Obrazowanie transportu białka GLUT4 w pierwotnych neuronach podwzgórza myszy za pomocą mikroskopii dekonwolucyjnej

Zacznij od pierwotnych neuronów podwzgórza myszy typu dzikiego i CCR5 z nokautem, hodowanych na szkiełkach nakrywkowych pokrytych poli-D-lizyną na płytce wielodołkowej.

Te neurony wyrażają transporter-4 glukozy znakowany zielonym fluorescencyjnym białkiem (GFP-GLUT4) w cytoplazmie.

Przenieś szkiełka nakrywkowe na szkiełka podstawowe i delikatnie zetrzyj nadmiar nośnika, aby zapewnić stabilność podczas pozyskiwania obrazu.

Umieść szkiełko na stoliku mikroskopu dekonwolucyjnego z szkiełkiem nakrywkowym skierowanym w dół.

Wizualizuj neurony w świetle jasnego pola, a następnie potraktuj je kolejno chemokiną CCL5 i insuliną.

Przełącz się na oświetlenie fluorescencyjne, aby zidentyfikować neurony docelowe z ekspresją GFP-GLUT4 i dostosować parametry obrazowania, aby uchwycić obrazy fluorescencyjne na żywo.

W neuronach typu dzikiego, insulina i CCL5 wiążą się odpowiednio z receptorem insuliny i CCR5, aktywując dalsze szlaki sygnałowe, które napędzają translokację błony GFP-GLUT4.

W neuronach z nokautem CCR5 CCL5 nie wiąże się, co skutkuje zmniejszoną translokacją GFP-GLUT4.

Uchwyć obrazy i zastosuj algorytm dekonwolucji, aby zredukować nieostre światło, zwiększając klarowność i rozdzielczość obrazu.

Aby przygotować komórki do obrazowania na żywo, ostrożnie usuń szkiełka nakrywkowe z neuronami za pomocą kleszczy i ostrożnie umieść je na szkiełku podstawowym.
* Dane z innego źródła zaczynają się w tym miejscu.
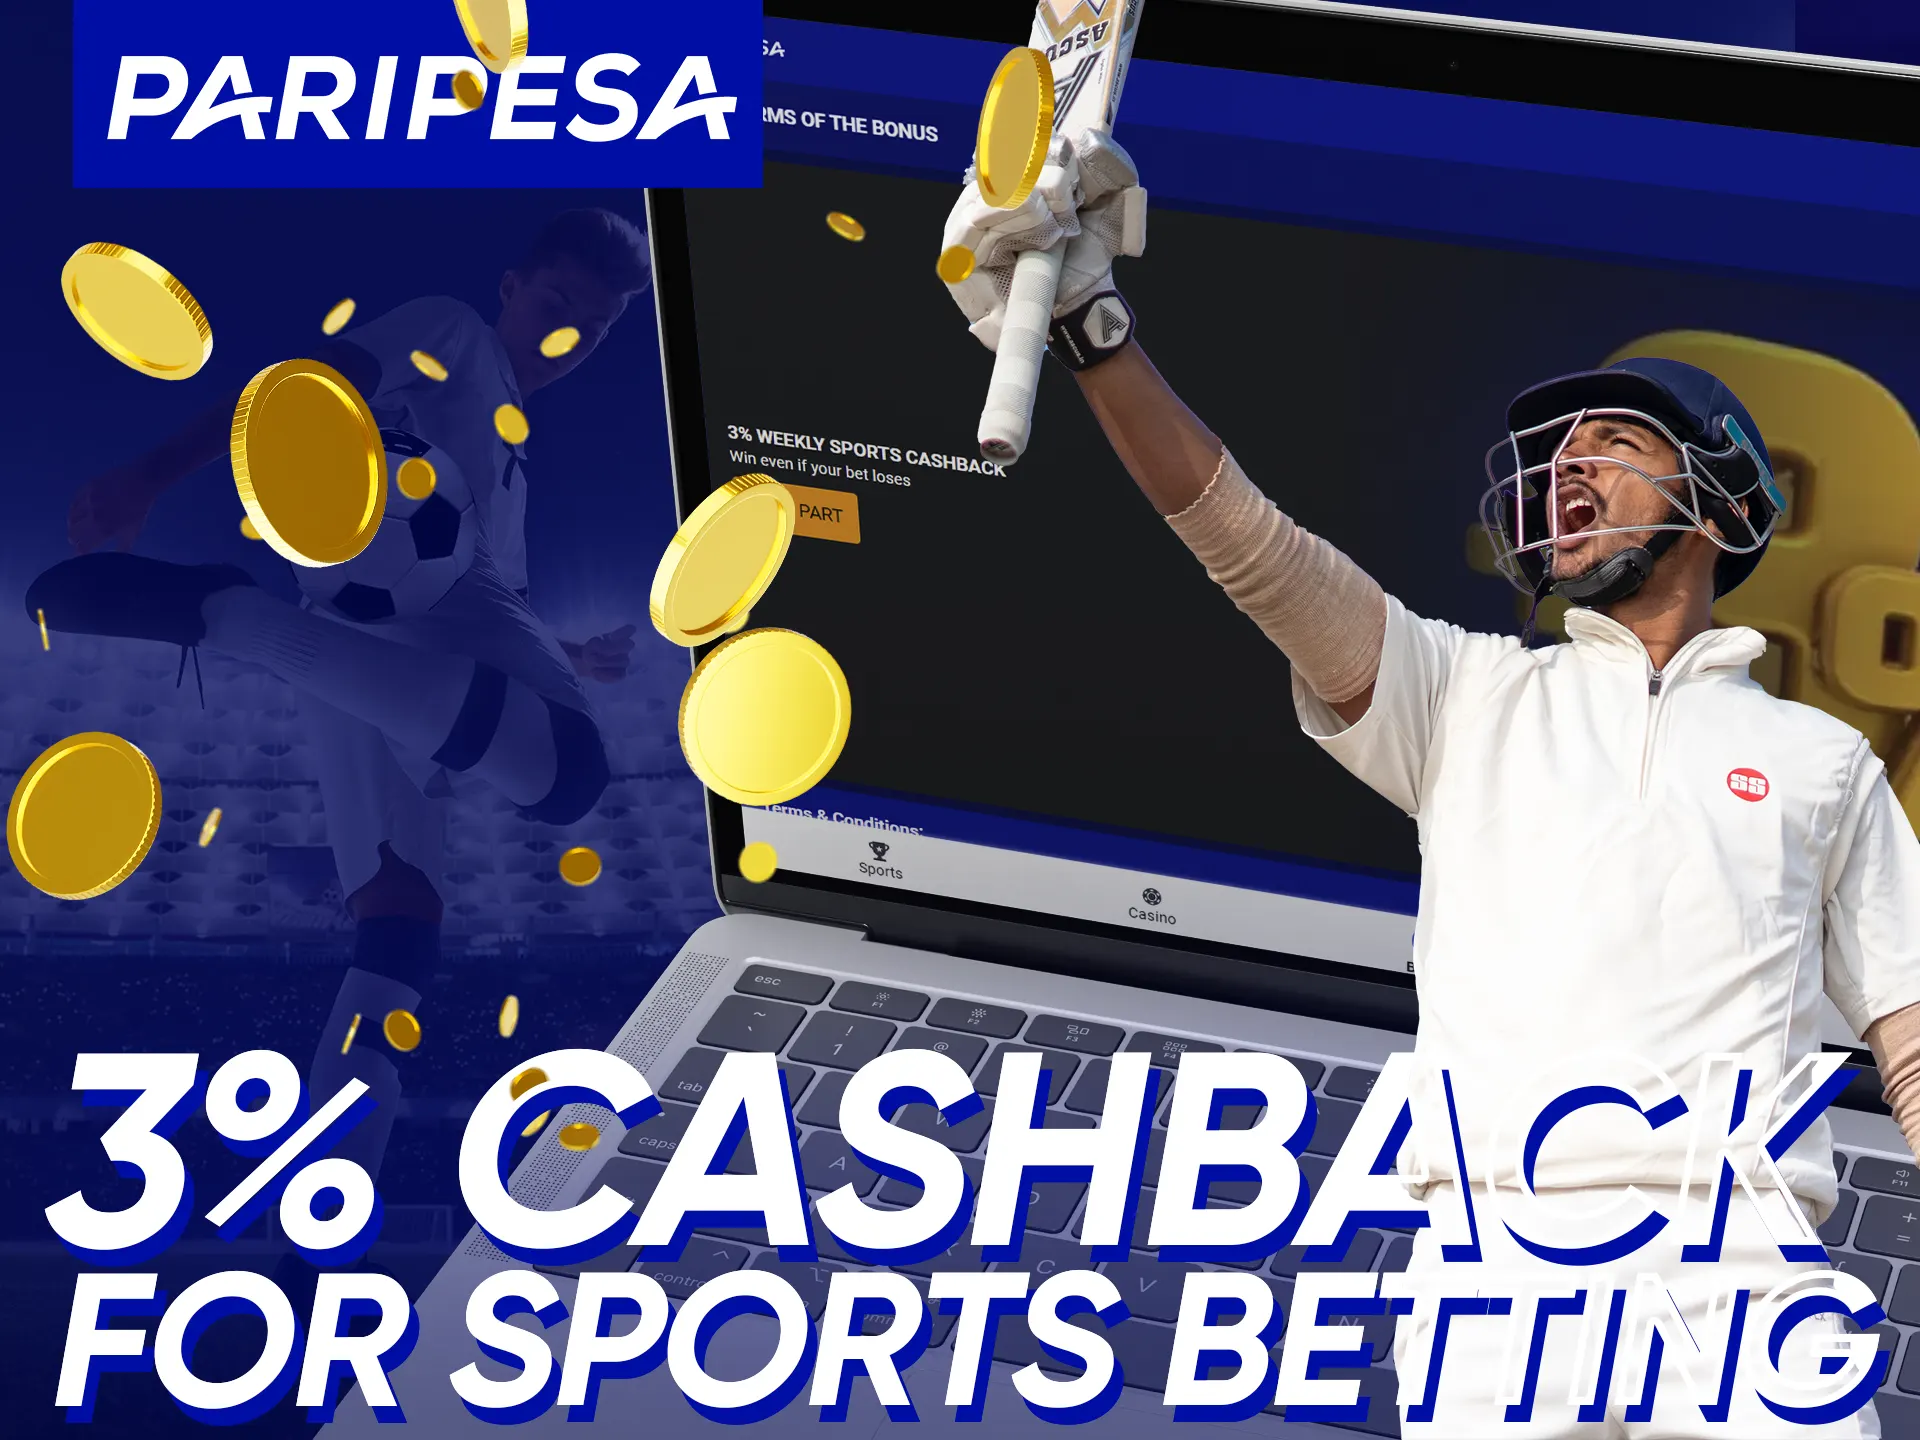 Get 3% Cashback every thursday on sports bets at Paripesa.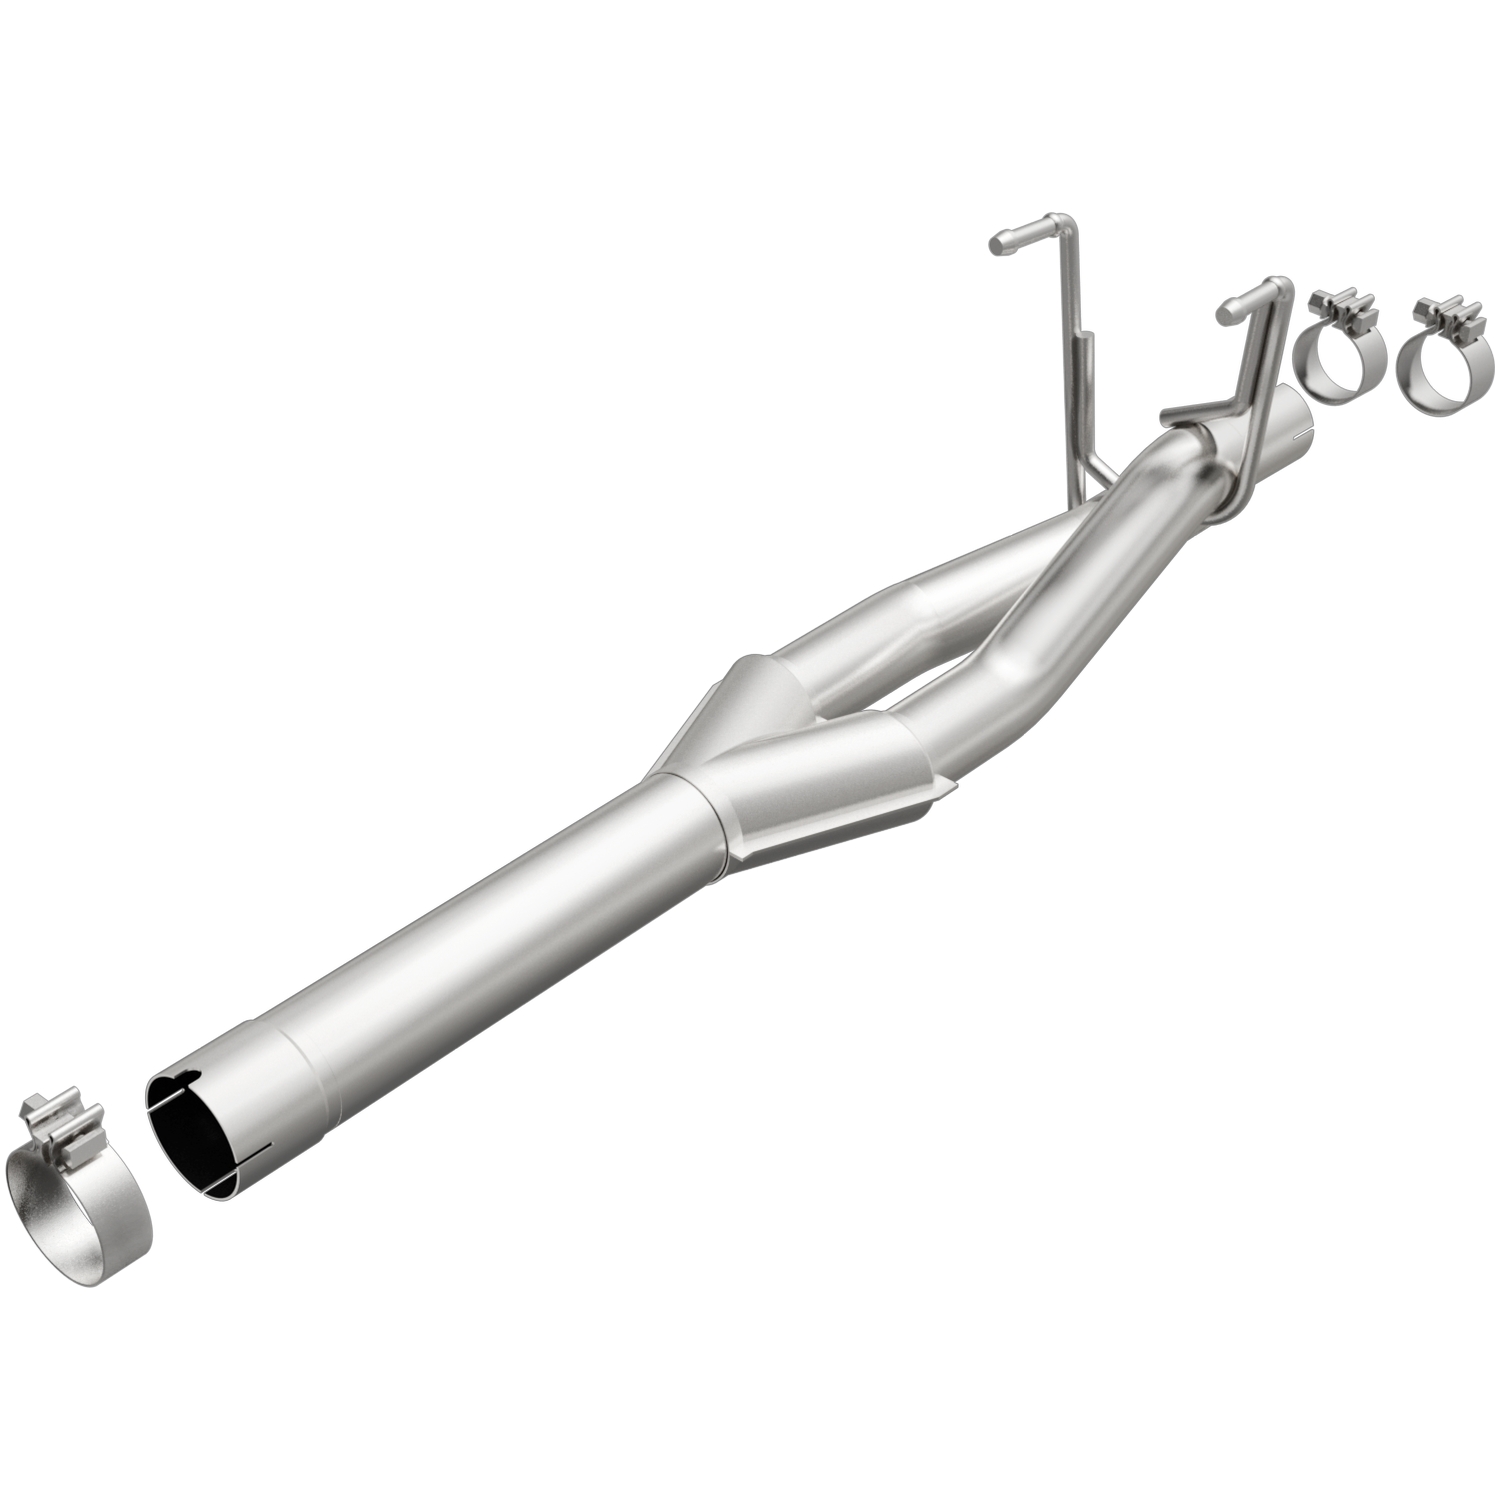 Show details for Magnaflow Direct-Fit Muffler Replacement Kit Without Muffler

Następnie usuń nadmiar podłoża za pomocą delikatnych chusteczek zadaniowych, składając je dwukrotnie i ostrożnie umieszczając na szkiełku nakrywkowym, nie przesuwając go.

Konieczne jest usunięcie nadmiaru podłoża, aby zapobiec niepotrzebnemu przesuwaniu się szkiełka nakrywkowego.

Następnie potraktuj wybrane próbki komórek CCL5 w dawce 10 nanogramów na mililitr lub insuliną w dawce 10 jednostek na mililitr przez jedną minutę. Następnie dodaj 1,5 mikrolitra rozcieńczonej insuliny na krawędź szkiełek nakrywkowych. Następnie dodaj olejek immersyjny na soczewkę obiektywu 1,52 NA o powiększeniu 60 razy.

Następnie umieść szkiełka nakrywkowe na stoliku mikroskopu dekonwolucyjnego tak, aby szkiełka nakrywkowe były skierowane w dół i odpowiednio zabezpieczone. Użyj jasnego pola lub oświetlenia fluorescencyjnego, aby zidentyfikować komórki docelowe. Następnie dostosuj ostrość, aż komórki docelowe będą wyraźnie widoczne. Nie przesuwaj soczewki obiektywu poza obszar szkiełka nakrywkowego, aby uniknąć niepotrzebnych zadrapań.

Następnie zidentyfikuj GFP-GLUT4 na podstawie sygnału GFP. Następnie zidentyfikuj żądane komórki docelowe do akwizycji obrazu. Następnie ustaw odpowiednie parametry eksperymentalne dla każdej komórki docelowej, w tym liczbę pikseli, długość fali wzbudzenia, procent transmisji, czas ekspozycji, grubość stosu, przedział czasu i całkowity czas obrazowania. Dostosuj parametr ekspozycji do około 2 000 do 3 000 zliczeń, aby uzyskać maksymalną intensywność pikseli.

Aby zminimalizować fotowybielanie fluorescencyjne, należy maksymalnie zmniejszyć procent przepuszczalności światła wzbudzającego, utrzymując czas ekspozycji krótszy niż 1 sekunda. Ustaw górną i dolną granicę stosu z na każdej komórce docelowej, przesuwając stolik mikroskopu, aż górna i dolna część komórki docelowej będą nieco nieostre.